Lucy Lethbridge - The Tablet - Fri, Aug 4th 2017
I Know Who You Are - BBC4
Long ago, there was a time when the British comfortably basked in the assumption that their television drama was the best in the world and that the European small screen was dominated by silly quiz shows and people playing apparently incomprehensible practical jokes on each other. But that was before 2011 and the arrival on our screens of the first series of The Killing, the Danish noir drama of murder, corruption and politics. Its huge success opened the door to dozens of similar thrillers of dark political machinations and maverick police-people set in Sweden, Iceland and France. Who knew that Borgen would make Danish coalition politics so gripping?
 
The latest continental arrival is I Know Who You Are, a Spanish thriller set against the background of the legal and judicial system. The first two episodes aired back to back last Saturday (15 July) and so far, though it doesn’t have the relentless dark plotting of The Killing (or, so far, its complex and plausible characters), it is shaping up well – though the usual degree of disbelief suspension will be required of the viewer. I don’t know much about how the Spanish legal system works but it still seems doubtful that a trial would go ahead when quite so many of the prosecution and defence lawyers, to say nothing of the defendant, were or had been sleeping with each other.
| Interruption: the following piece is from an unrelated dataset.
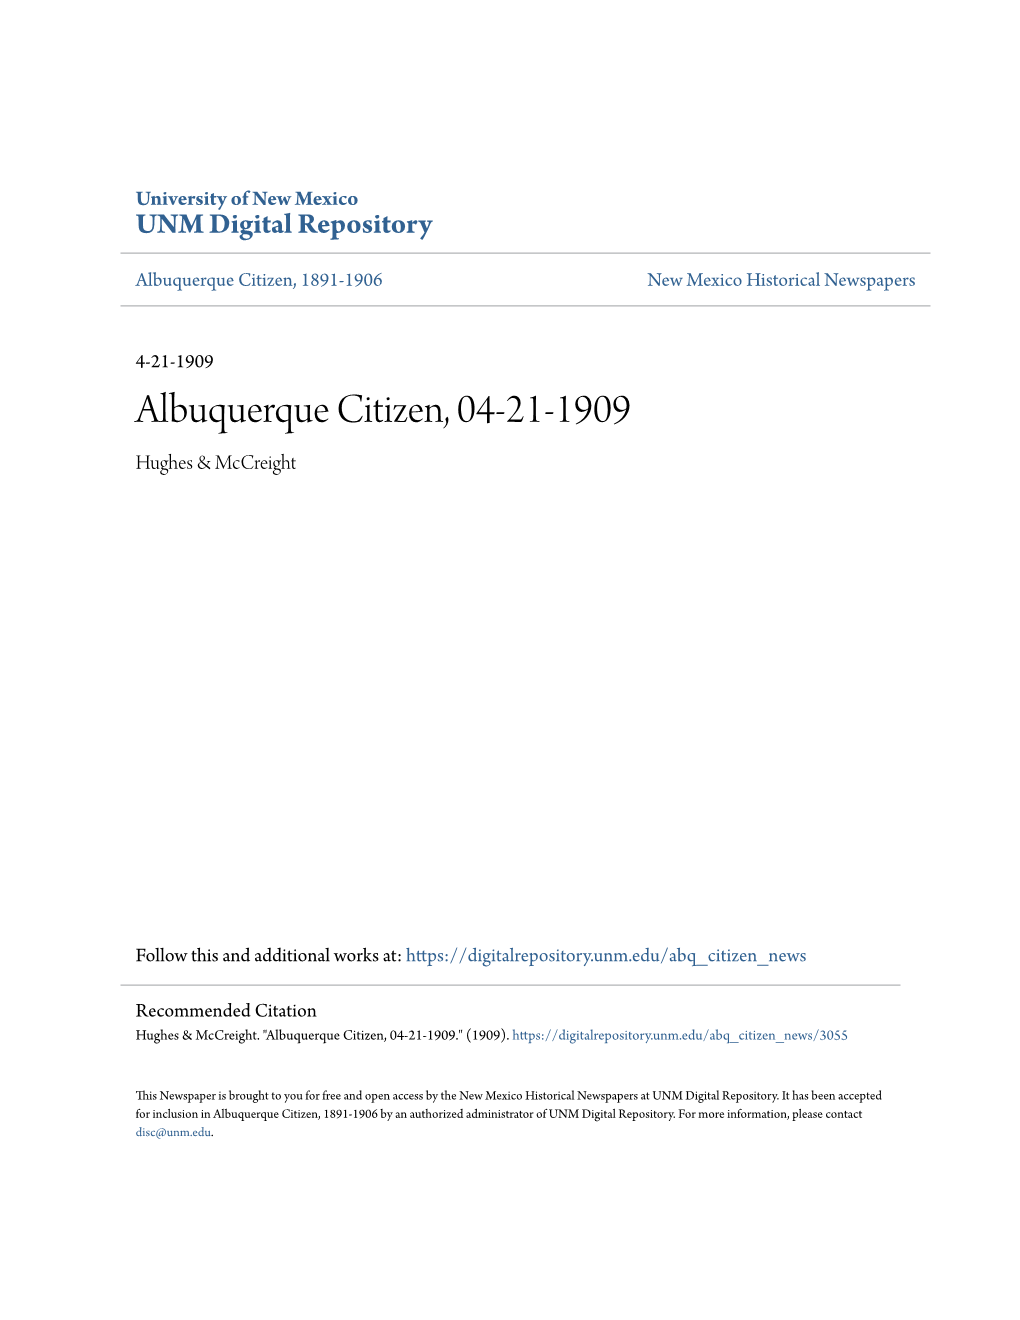 Albuquerque Citizen, 04-21-1909 Hughes & Mccreight

But then what legal drama doesn’t spice up the courtroom with a little sex across the aisles?
 
I Know Who You Are opened with a well-dressed man staggering down a road with his head bleeding. Taken to hospital, he turned out to be a senior lawyer, Juan Elias, who claimed to be suffering from post-traumatic amnesia. When his terrifyingly hatchet-faced wife (a judge, though so far she doesn’t seem to do much judging) arrived to pick him up, she revealed that their niece Ana was in the car with him, that her blood and phone have been found on the backseat and that she is missing, presumed murdered.
 
The crux of the plot was whether we the viewer (or anyone else in the drama) believe that Elias really has amnesia (a defence he has used to acquit his own clients 13 times in the past) or whether it is a cunning ruse to cover up the fact he has, for reasons so far obscure, murdered his niece. The meaningful talk of a campaign to get Elias elected as vice-chancellor of the university in place of his brother-in-law, Ana’s father, just didn’t cut the mustard with me.
 
The motive couldn’t possibly be so boring could it? It’s got to be about sex. When the office door of the prosecution lawyer is opened by a fellow lawyer clad in black underwear, we could settle back, knowing exactly what to look forward to – and I Know Who You Are delivered the package as ordered.